The alkoxylated fatty alcohol materials useful in the liquid detergent compositions herein will frequently have a hydrophilic-lipophilic balance (HLB) which ranges from about 3 to 17. More preferably, the HLB of this material will range from about 6 to 15, most preferably from about 8 to 15. Alkoxylated fatty alcohol nonionic surfactants have been marketed under the tradenames Neodol and Dobanol by the Shell Chemical Company.

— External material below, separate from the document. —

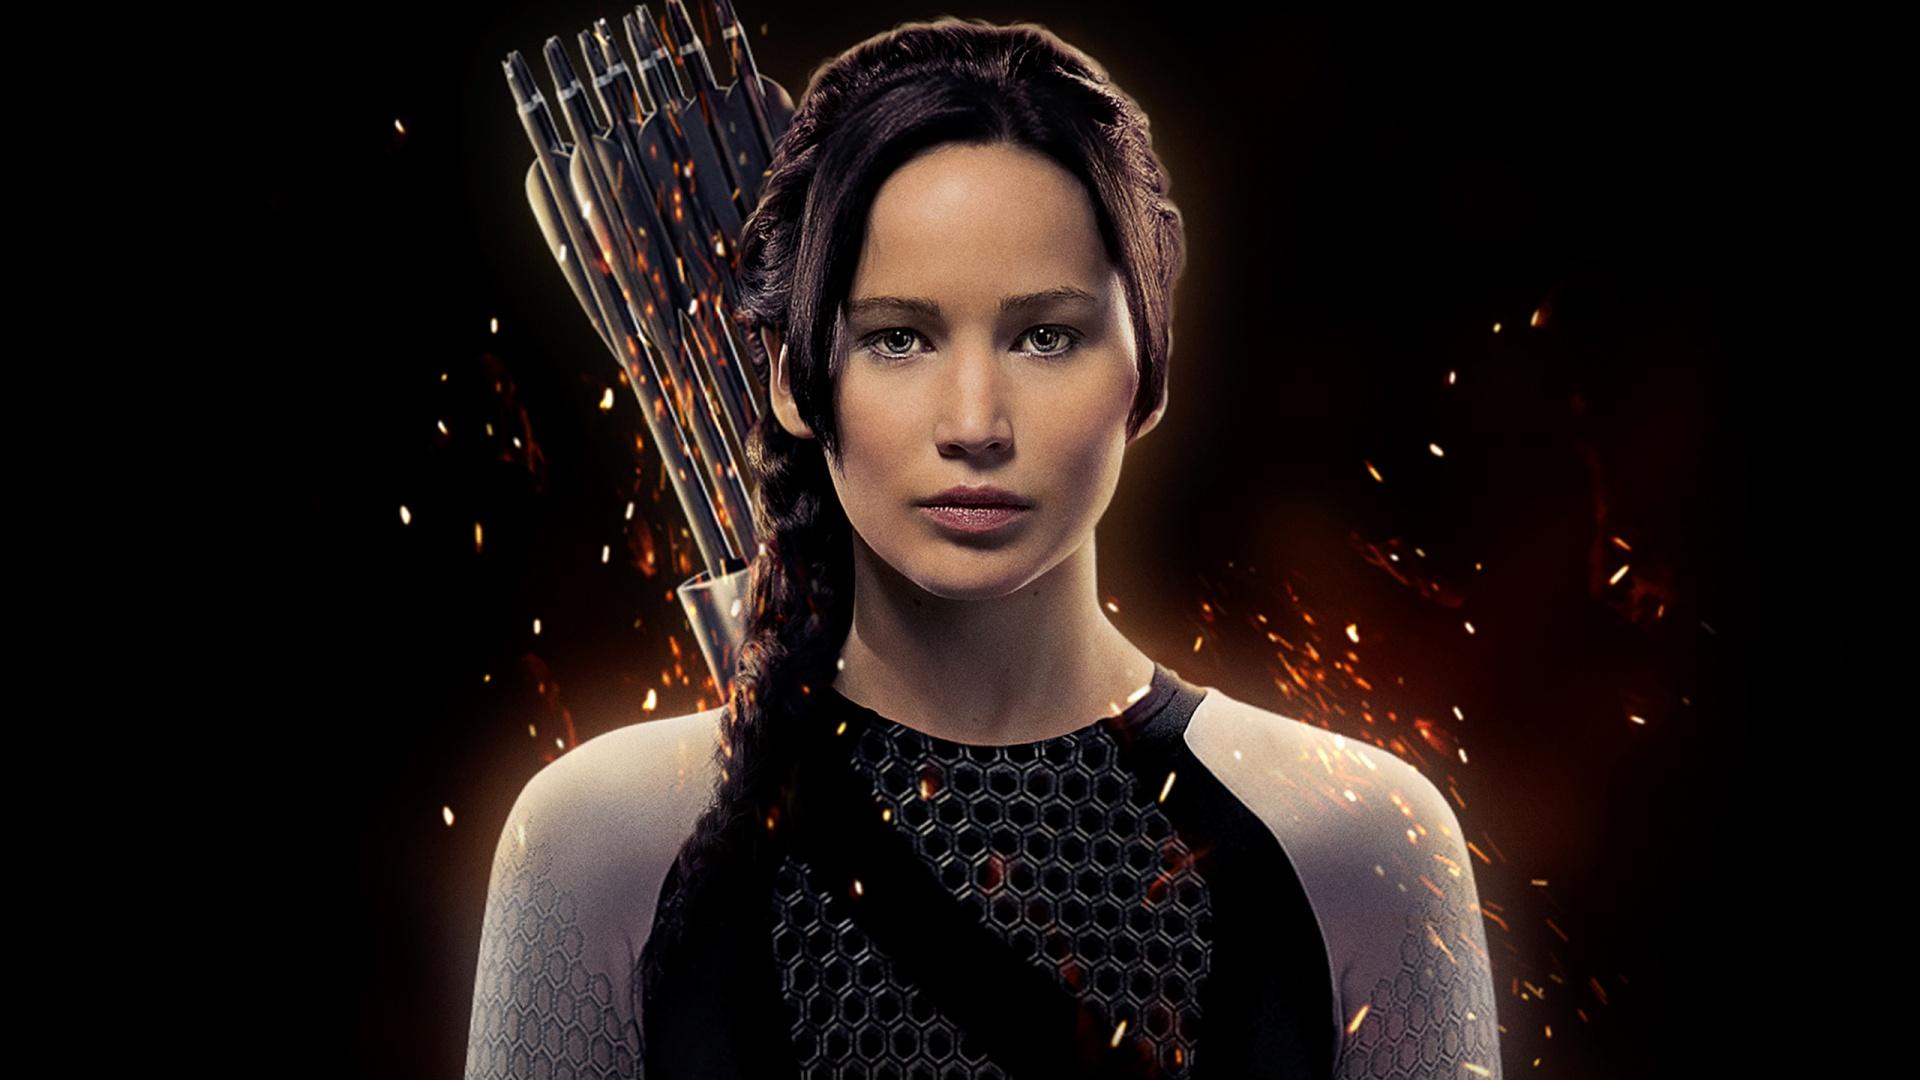 Jennifer Lawrence as Katniss Wallpapers HD Wallpapers 1920x1080
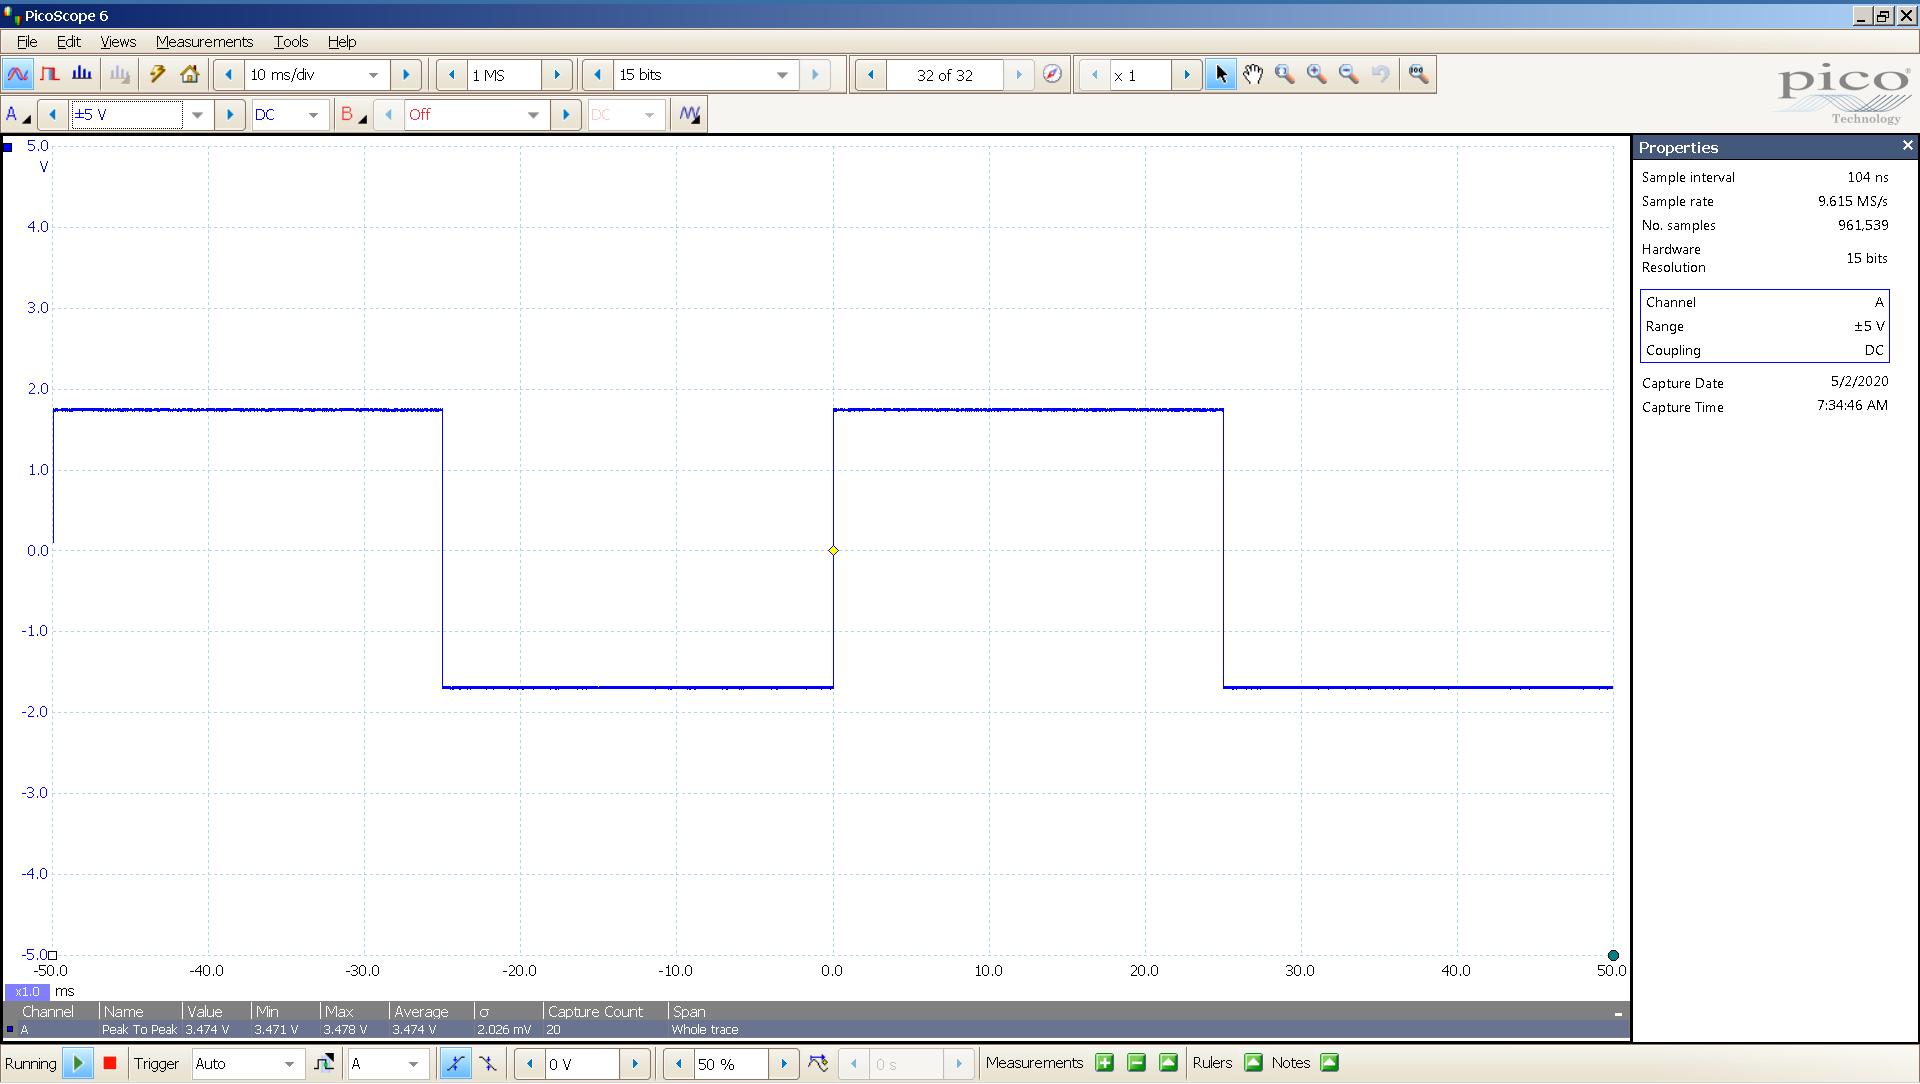 20200502-01 KTE Spring2 20 Hz sqr -4 dBFS 4 Vpp 10mS div SE - ASIO - NOS.png

Another type of nonionic surfactant which is liquid and which may be utilized in the compositions of this invention comprises the ethylene oxide (EO)-propylene oxide (PO) block polymers. Materials of this type are well known nonionic surfactants which have been marketed under the tradename Pluronic. These materials are formed by adding blocks of ethylene oxide moieties to the ends of polypropylene glycol chains to adjust the surface active properties of the resulting block polymers. EO-PO block polymer nonionics of this type are described in greater detail in Davidsohn and Milwidsky; Synthetic Detergents, 7th Ed.; Longman Scientific and Technical (1987) at pp. 34-36 and pp. 189-191 and in U.S. Pat. Nos. 2,674,619 and 2,677,700.
Yet another suitable type of nonionic surfactant useful herein comprises the amine oxide surfactants. Amine oxides are materials which are often referred to in the art as “semi-polar” nonionics. Amine oxides have the formula: R(EO)x(PO)y(BO)zN(O)(CH2R′)2.qH2O. In this formula, R is a relatively long-chain hydrocarbyl moiety which can be saturated or unsaturated, linear or branched, and can contain from 8 to 20, preferably from 10 to 16 carbon atoms, and is more preferably C12-C16 primary alkyl. R′ is a short-chain moiety preferably selected from hydrogen, methyl and —CH2OH. When x+y+z is different from 0, EO is ethyleneoxy, PO is propyleneneoxy and BO is butyleneoxy. Amine oxide surfactants are illustrated by C12-14 alkyldimethyl amine oxide. Preferably the detergent of the invention comprises from about 0.5% to about 5%, more preferably from 0.8% to 3% by weight of the detergent of an amine oxide surfactant.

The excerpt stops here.